After having a look at what a happy system looks like, I decided to introduce some errors. I updated the configuration for one of the lenders so that it would always throw an error and redeployed.

After running a request through the system, the service map clearly showed that the Lambda function for the lender has errors.

Service map showing Lambda function error

Looking at the trace, I could see that the asynchronous request from the step function had timed out, as the timeout was set to 12 seconds.

Trace showing the step function timeout

The trace also contained the custom subsegment, which clearly shows that there was an error making the external call.

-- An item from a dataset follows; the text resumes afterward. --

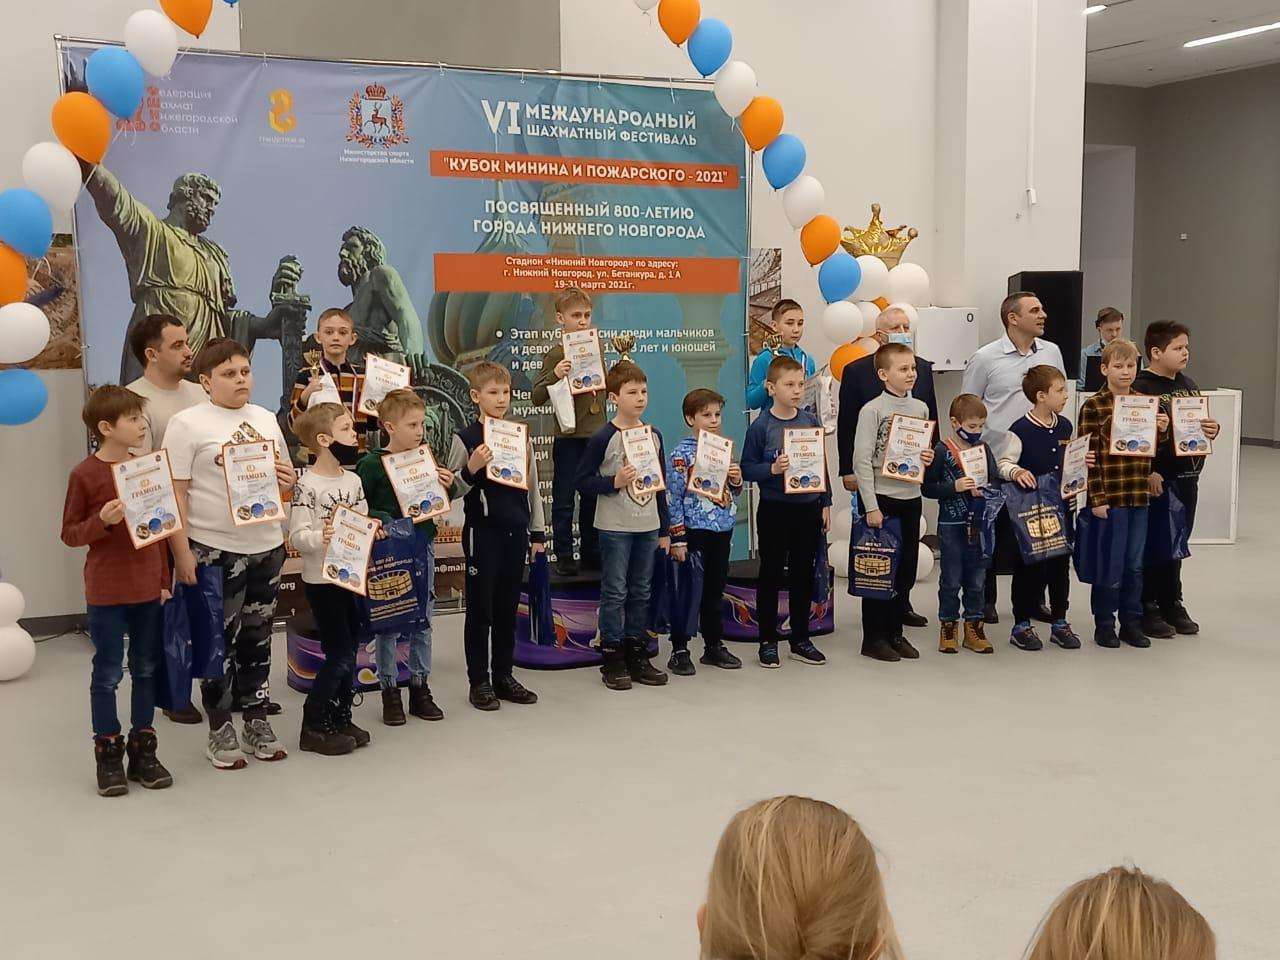 Юный шахматист из Бердска стал одним из лучших на этапе Кубка России по шахматам в Нижнем Новгороде

Trace showing custom segment failure

As before, the 'Annotations' and 'Metadata' tabs showed the call details. However, as we added the error to the subsegment, the 'Exceptions' tab also shows us the error details, including the stack trace.

Trace showing custom segment exception

This shows the power of using subsegments to instrument key parts of the application.

Running a workload

The final part of my adventure with X-Ray involved configuring the Lambda functions for the lenders to randomly error and then to put multiple requests through the application.

Looking at the resulting service map, I could see some errors I was expecting and some I didn't.

Service map showing a workload running with errors

In particular, the step function was showing that it had errored. So I selected it and filtered the traces to see what was going on. On inspection, the Lambda function that sends the response to the webhook was erroring. Clicking on the 'Exceptions' tab clearly indicated to me that the issue was that there was no response to send in this case, but the code didn't cater for it.

Trace showing an error due to bad logic

Looking at another error, I saw that the Lambda function that looks up the lenders from the parameter store is throwing an error. Again, the 'Exceptions' tab shows the underlying reason. In this case, there is a rate limit on accessing the parameters in the parameter store. This indicates to me that perhaps we need the application to implement some sort of cache in front of the raw access.

Trace showing an error due to rate limiting

Summary

In this post, I documented my experience using X-Ray with an application. I found the ability to view individual traces through the application, along with the associated logs, very valuable indeed. The ability to see errors and then drill down to the causes was also very valuable and allowed me to see some behaviour that otherwise would have been tricky to spot. Overall, I was very impressed as to what X-Ray has to offer.

Of course, there are also numerous excellent third-party offerings, such as the following:

So, although you get X-Ray out of the box with AWS, please consider these as well.